Binary Search in Go
Binary Search is a fundamental searching algorithm that you can use to find a number in a sorted array. The general idea is, since the array is sorted, you can check the value of the middle element, see if the value you're looking for is less than it or greater than it, and depending on which it is, eliminate the half of the array that you don't need from your search and check the other half where it should exist. You keep doing that, reducing the search area by half each time until you either find the value or come up empty.
This means we can search really large lists (again, they have to be sorted for this to work) and we can feasibly find a value with much less effort than checking every number sequentially, or even worse, randomly guessing. For example, if we started with a list that had 32 values, we'd go from searching:
32 -> 16 -> 8 -> 4 -> 2 -> 1
That's only a maximum of 6 iterations! Not bad compared to a possible 32, but it's even crazier when you think about larger numbers, for example, let's say... 32,768:
32,768 -> 16,384 -> 8,192 -> 4,096 -> 2,048 -> 1,024 -> 512 -> 256 -> 128 -> 64 -> 32 -> 16 -> 8 -> 4 -> 2 -> 1
That's still only a maximum of 16 iterations. MUCH better than potentially checking each number in the list.
So let's look at how to implement this in Go. First, we want to define two "pointers" that will be the endpoints of the section we search in. Of course we start by searching the entire list, so our 'left' boundary will be the first element in the array and the 'right' boundary will be the last one. Then we start our loop. Every time it runs, we first calculate the midpoint index of the list and get that element.

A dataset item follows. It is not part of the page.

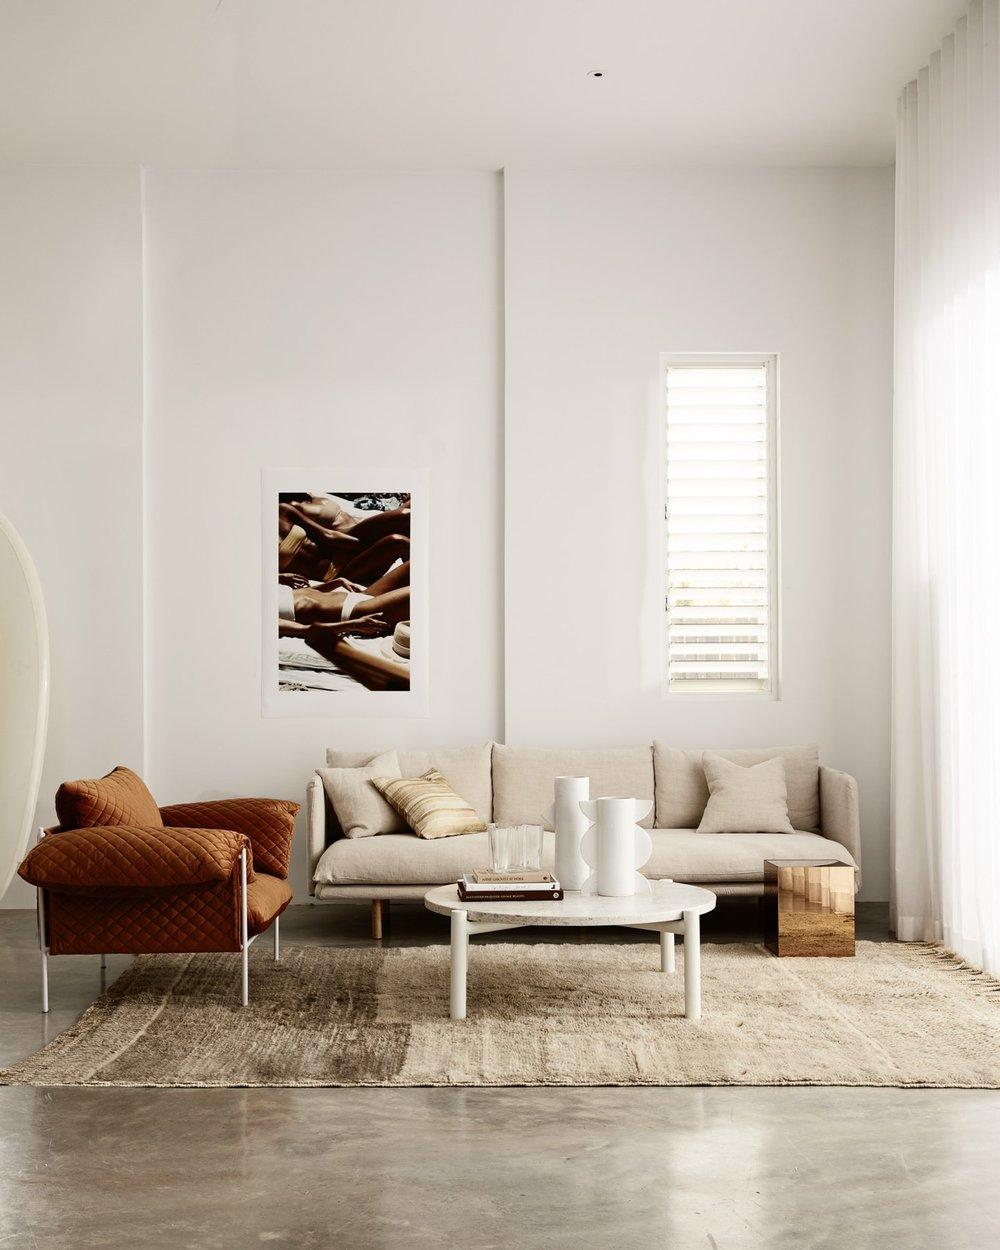 sarahellison-style-SE_HOUSE4_aaa4fbba-29a1-480f-8df1-26e23cb3af94_1440x.jpg

Then we check to see if the value at that index is the one we're looking for and return it if it is. If not, we check to see if it's less than the midpoint. If so, we 'slide in' the right boundary to the midpoint so we're only focusing on the side with all the numbers less than it. On the other hand, if it's greater than the midpoint, we 'slide up' the left boundary so we're only looking at the half with values greater than the midpoint. Then we loop again and the same thing continues, cutting the search window in half each time until we either find the target value or exit the loop without finding it. If we don't find it, we just return -1 signifiying that the value is not in the list.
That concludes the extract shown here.